== Task requirements ==
The stretch wanted below opens at the line containing "Germany 1984 Postal" and closes at the line containing "TOM FORD Brown". Please return it exactly, with no other lines.

== Materials provided ==
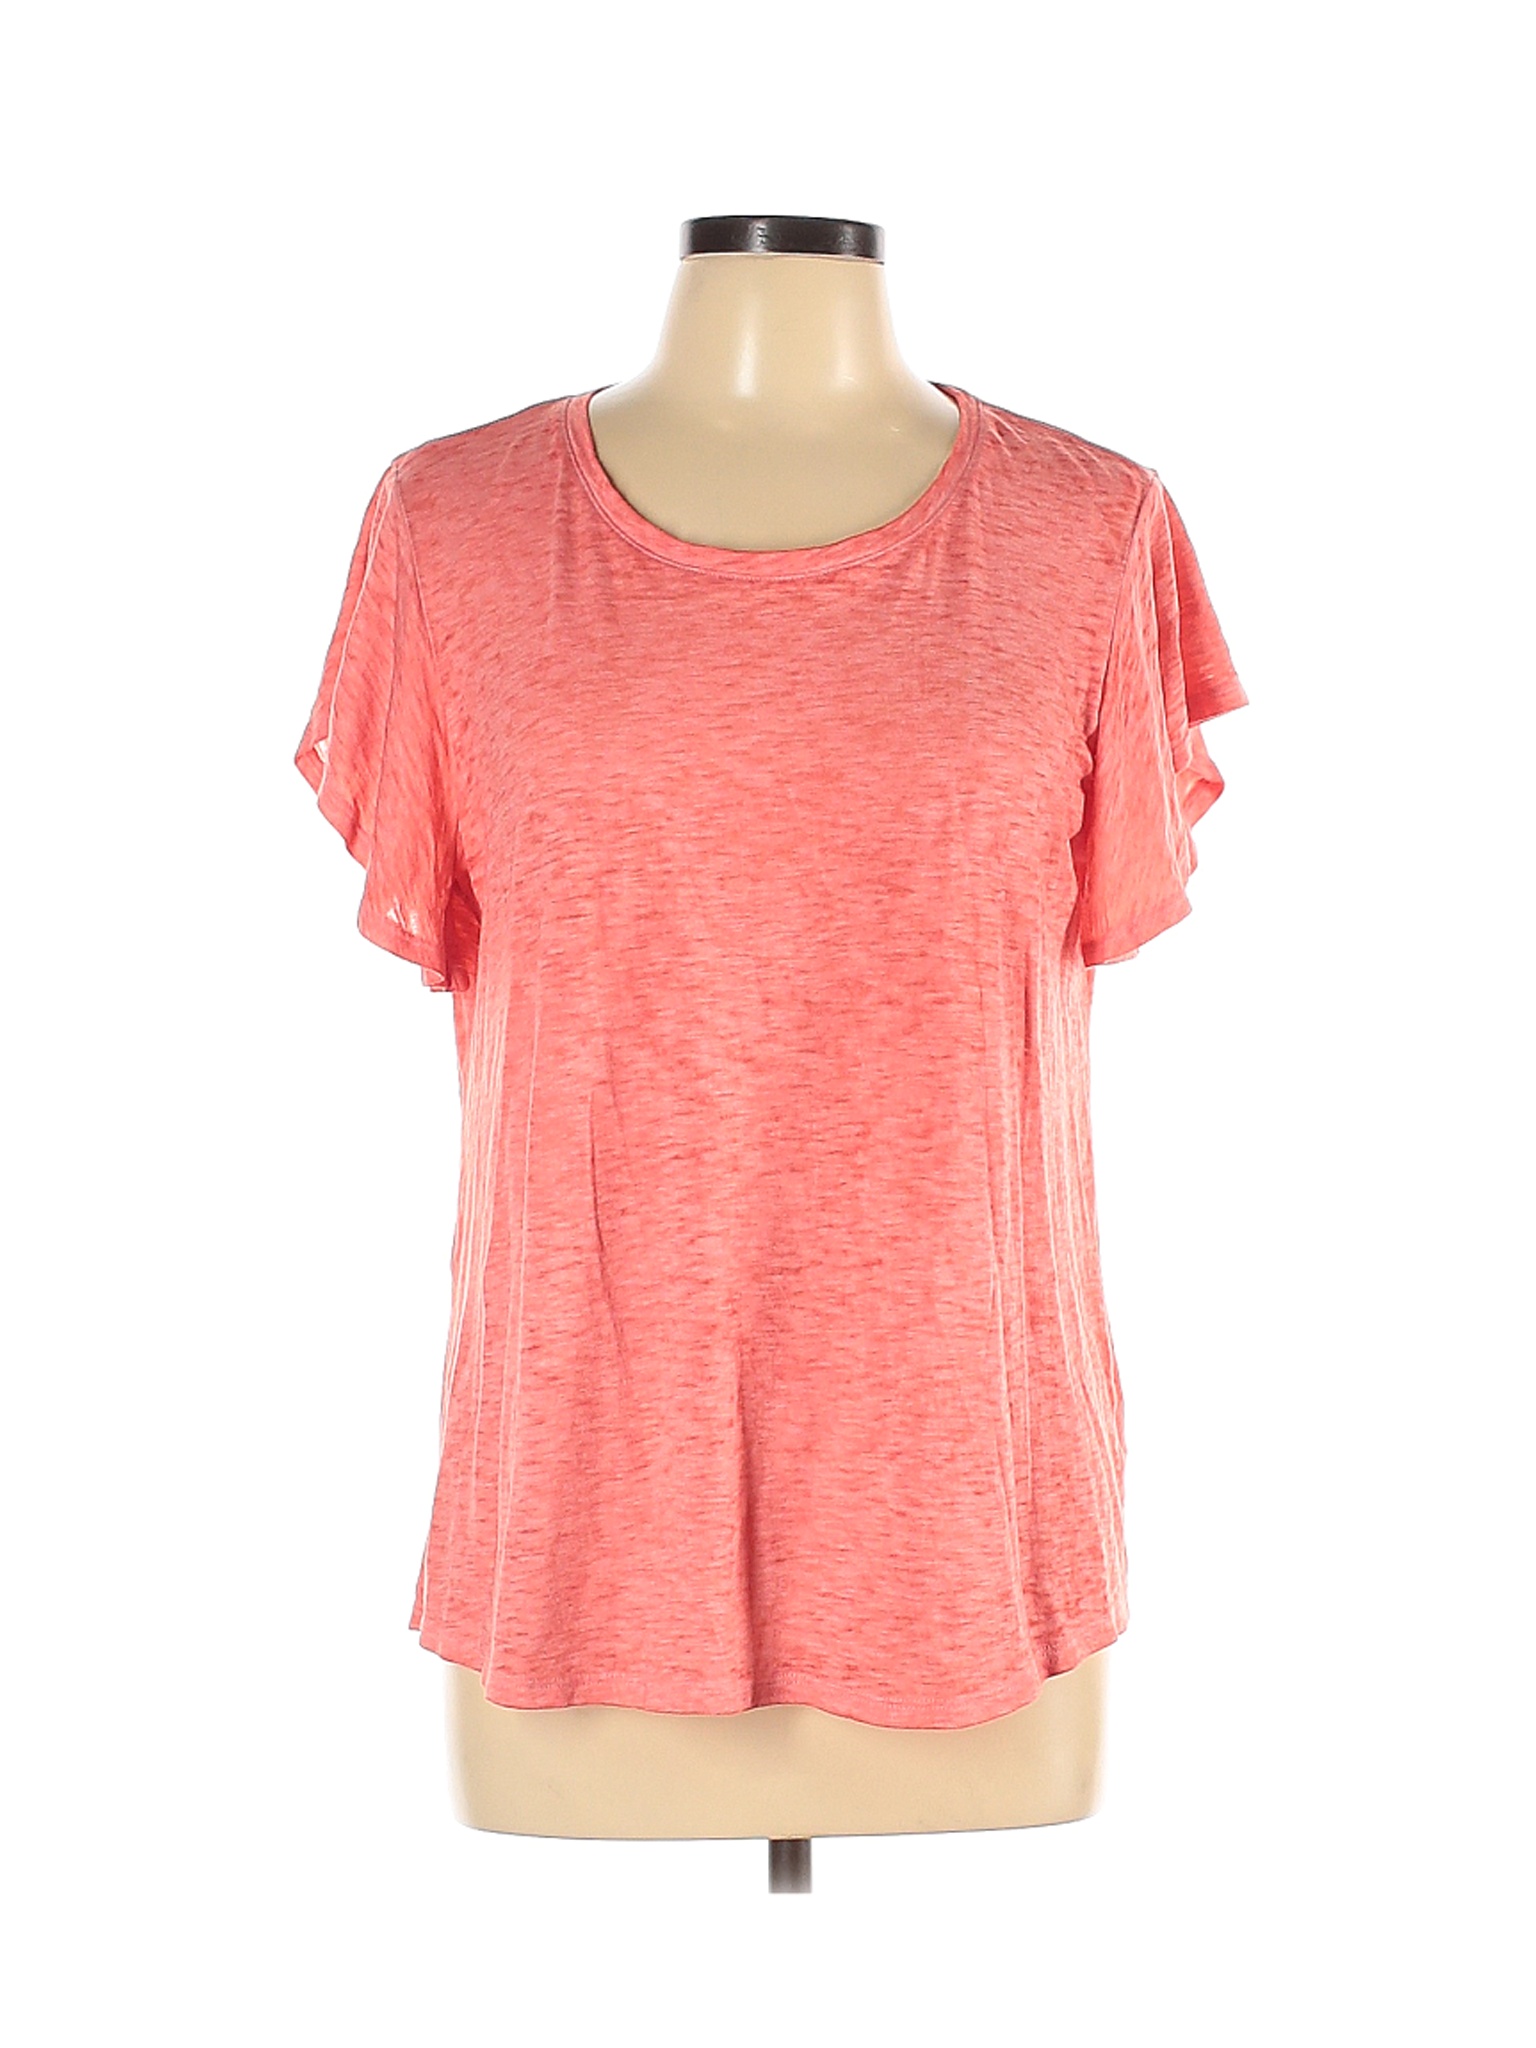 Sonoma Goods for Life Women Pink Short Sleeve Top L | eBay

* * *

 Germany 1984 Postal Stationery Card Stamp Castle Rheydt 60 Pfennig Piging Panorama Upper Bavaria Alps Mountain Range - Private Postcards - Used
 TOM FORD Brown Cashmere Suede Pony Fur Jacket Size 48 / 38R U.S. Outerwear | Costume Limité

== Result ==
 Germany 1984 Postal Stationery Card Stamp Castle Rheydt 60 Pfennig Piging Panorama Upper Bavaria Alps Mountain Range - Private Postcards - Used
 TOM FORD Brown Cashmere Suede Pony Fur Jacket Size 48 / 38R U.S. Outerwear | Costume Limité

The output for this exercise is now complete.